Mipha hatte aufmerksam zugehört. Sie fand, dass Raisa recht hatte. Vielleicht sollte sie Ruta wirklich fragen. Des Rätsels Lösung konnte so einfach sein, sie hätte es aber vielleicht nie erfahren, wenn Raisa ihr das nicht erzählt hätte. „Du hast Recht. Danke. Ich werde das versuchen." Mipha lächelte sie an. Raisa hingegen schloss die Augen und seufzte. „Deine Sorgen hätte ich gerne", sagte sie.



Mipha hatte ihre Arbeit beendet und entfernte ihre Hand von Raisa. „Bitte. Ich hoffe, ich muss etwas Derartiges nie wieder heilen. Das hat mir wirklich einen Schrecken eingejagt." Sie schnaubte. „Mach dir da mal keine Gedanken. Oder glaubst du, ich bin so blöd und mache denselben Fehler ein zweites Mal?" Mipha schüttelte den Kopf.
„Sag mal, darf ich dich etwas fragen, Raisa?" Sie nickte. Es war das mindeste, was sie als Gegenleistung für Mipha tun konnte. „Nachdem du mit Revali von deiner Reise wiedergekommen bist, haben wir uns alle etwas gefragt. Ihr wurdet beide als Helden bezeichnet... Nein, ihr seid sogar Helden. Das muss doch bedeuten, dass ihr zusammengearbeitet habt, oder? Also, bedeutet das, dass ihr nun miteinander klar kommt?", fragte Mipha. Raisa lachte auf. Er und sie klar kommen? Nicht in einhundert Jahren.
„Nein, wir kommen so gar nicht miteinander klar. Er ist der egoistischste, arroganteste und übermütigste Vogel, den ich kenne. Allerdings... Ich muss dazu sagen, dass ich langsam glaube, zu verstehen wie er denkt. Ich glaube es aber auch nur. Der Vogel ist wie ein Buch mit sieben Siegeln." Nun lachte Mipha leicht auf. „Das klingt fast so, als würdest du ihn verstehen wollen."

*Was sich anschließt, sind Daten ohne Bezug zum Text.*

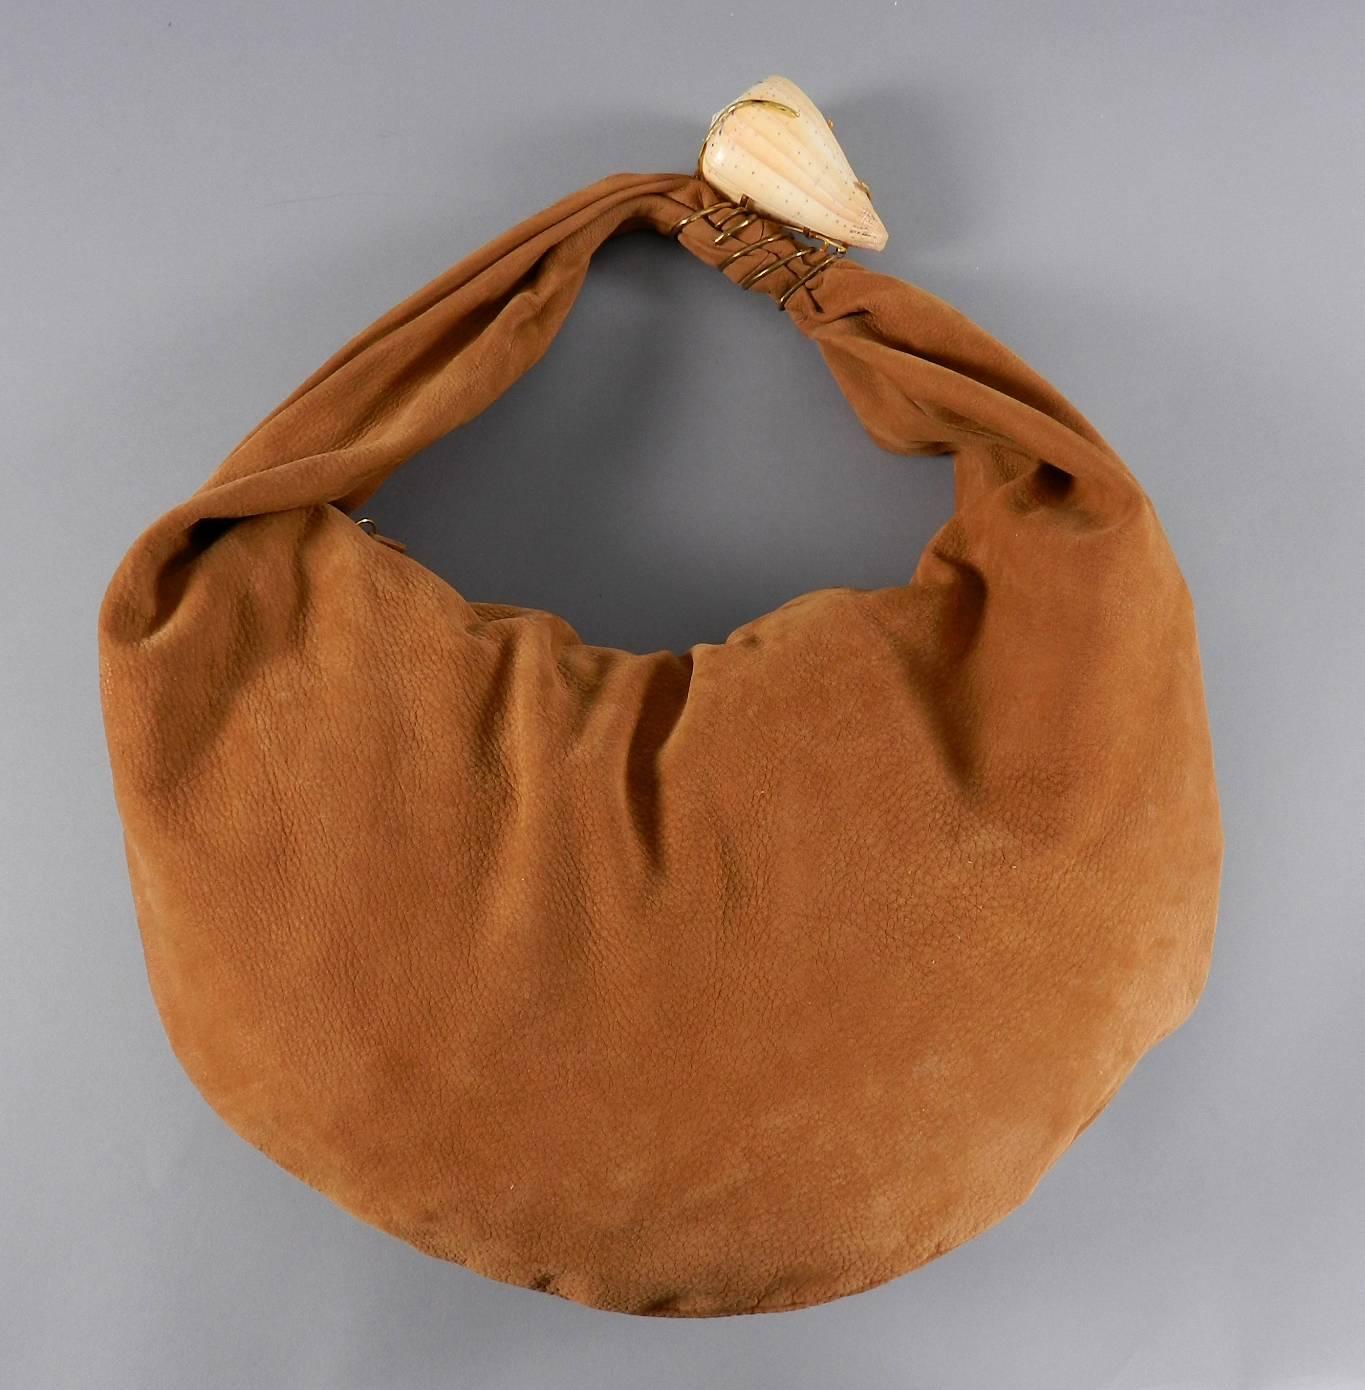 YSL Yves Saint Laurent haute couture label tan leather hobo bag with shell accent.  Excellent condition. Circa late 1990’s. Body of bag measures approximately 16 x 10.5” with a 9” drop.

We ship worldwide.  Canadian residents pay sales tax based

Sie konnte nicht glauben, was sie da hörte. Sie sollte ihn verstehen wollen? In welcher Welt das? Nur weil sie dies langsam tat, hieß das nicht, dass sie es wollte. „Dein Gesicht verrät mir, dass ich daneben lag, nicht wahr?", fragte Mipha. „Ja", antwortete Raisa knapp.
„Ich verstehe das nicht. Wie könnt ihr euch nicht mögen, wo ihr euch doch so ähnlich seid?" Sie und Revali sollten sich ähnlich sein? Niemals! Ihr Weltbild, ihre Ansichten, ihr Charakter, all dies war so anders, als bei ihm. „Wir sind uns überhaupt nicht ähnlich!" Mipha kicherte erneut.
„Ihr seid beide stur, ehrgeizig, talentiert, streitsüchtig und habt die Eigenschaft alles nüchtern zu betrachten." Am liebsten hätte Raisa protestiert, doch was Mipha sagte, entsprach leider der Wahrheit. Deshalb schnaubte sie nur und verschränkte die Arme vor der Brust.



„Warum bist du eigentlich so distanziert?" Langsam ging ihr Mipha's Fragerei auf die Nerven. Raisa war nun mal nicht ein Mensch, mit dem man viel und lange reden konnte. Aber da Mipha ihr einen großen Gefallen tat, nahm sie es hin. „Weil das der deutlich bessere Weg ist durch das Leben zu kommen", antwortete sie. „Findest du? Ich meine, es ist doch schön von Freunden umgeben zu sein, für die man wichtig ist. Wenn du leidest, kannst du bei ihnen Hilfe suchen. Wenn du dich freust, kannst du deine Freude mit ihnen teilen. Und so..."
„Ich sehe keinen Grund mich zu freuen und mein Leid unterdrücke ich seit Jahren. Und damit komme ich super zurecht." Mipha gab es auf. Eigentlich hatte sie versucht Raisa vielleicht ein wenig näher zu kommen, im freundschaftlichen Sinne, aber es war so gut wie unmöglich.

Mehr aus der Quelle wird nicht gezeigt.